Often the internal audit report can have biased outcomes. Therefore, consider inviting a third-party auditing service London for a better understanding of the risks and threats to your organisation.

An auditor performs different tasks, including identifying and preventing material misstatement, examining business operations and finding improvements, determining compliance with government regulations and industry standards, detecting information systems and security issues, etc.

The prioritising risk with a risk matrix
You must prepare a risk assessment matrix in the company to manage risks once reported by the auditor. It includes

●  Identifying risk
●  Assessing the likelihood and significance
●  Checking for red flags
●  Design preventive controls
●  Controls effectiveness assessment
●  Residual risks
●  Risk response

Design an effective risk matrix that illustrates situational awareness and drives corrective action wherever needed.
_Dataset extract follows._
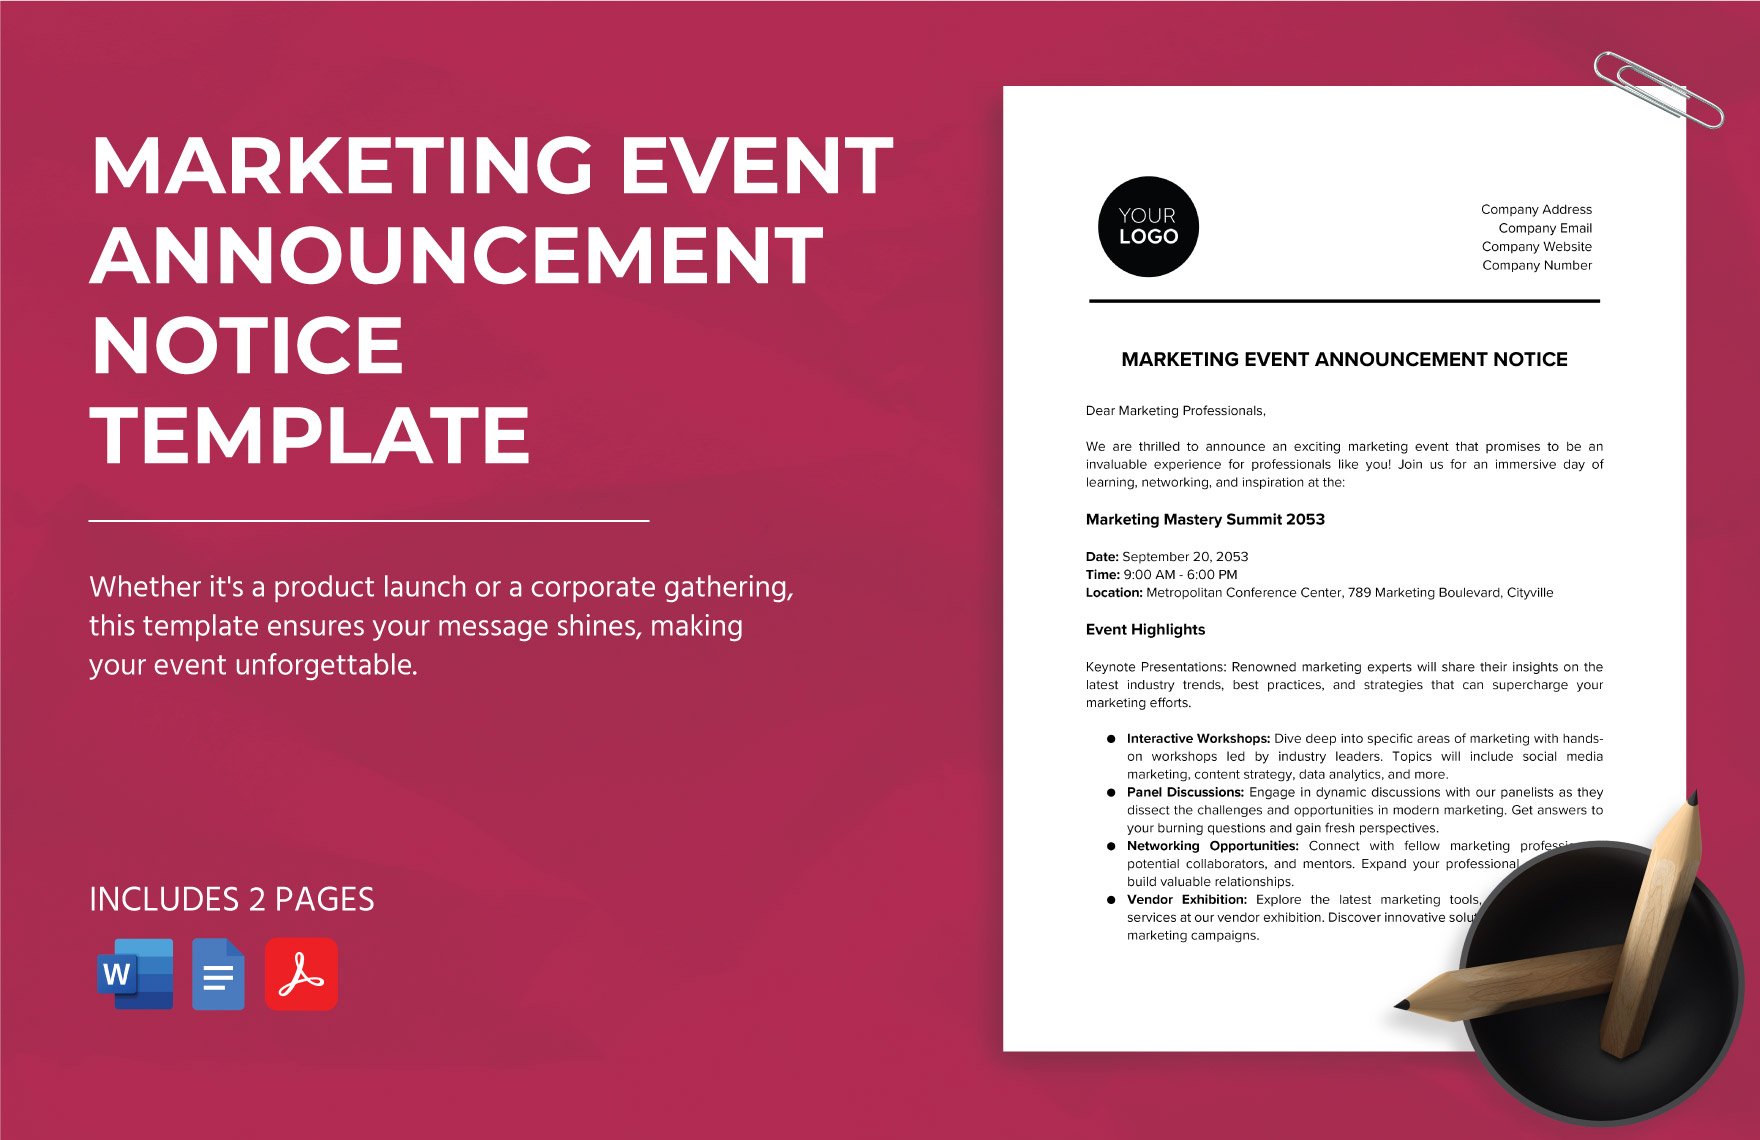 Marketing Event Announcement Notice Template in Word, Google Docs, PDF

Implementing a risk-based internal auditing approach
Risk management in an organisation ensures strong corporate governance. With growing pressure to keep businesses safe from fraud and compliance, legal, financial, or business risks, you must have adequate internal controls. It is the best way to prevent undesirable impacts on the business and leverage improvement opportunities.

Risk-based auditing addresses your highest priority risks and reports their insights to the senior management team to make well-informed decisions for the future.

Benefits of risk-based internal auditing

●  Greater risk compliance
Frequently doing financial services audit and considering other risky business areas ensure filling the knowledge gaps and educating staff members to manage risks and control frauds. Furthermore, regular reporting keeps risk compliance constantly on the mind rather than a one-time yearly exercise.

●  Increased knowledge of risk levels
Audits, when framed within a risk management framework, is easy to determine the prioritisation of risks using indicators like risk severity. It helps businesses to understand the level of risks and their impacts and identify areas of improvement to mitigate the risks.

●  Increased adaptability to uncertainty
A change in the economy can force organisations to adjust without warning. Risk-based audits are essential in allowing businesses to adapt consistently to changing conditions and manage risk during such times of uncertainty. It enables you to forecast emerging risks and stay prepared to handle them.

Auditor

Conclusion

Audits play a vital role in successful businesses as it ensures risks are managed, and financial data is free from material misstatements. It helps build trust and reputation in the market, manage risks before they harm your goodwill, and numerous other benefits. Speak to an expert if you are unsure how audit is vital for your business and how to get it done.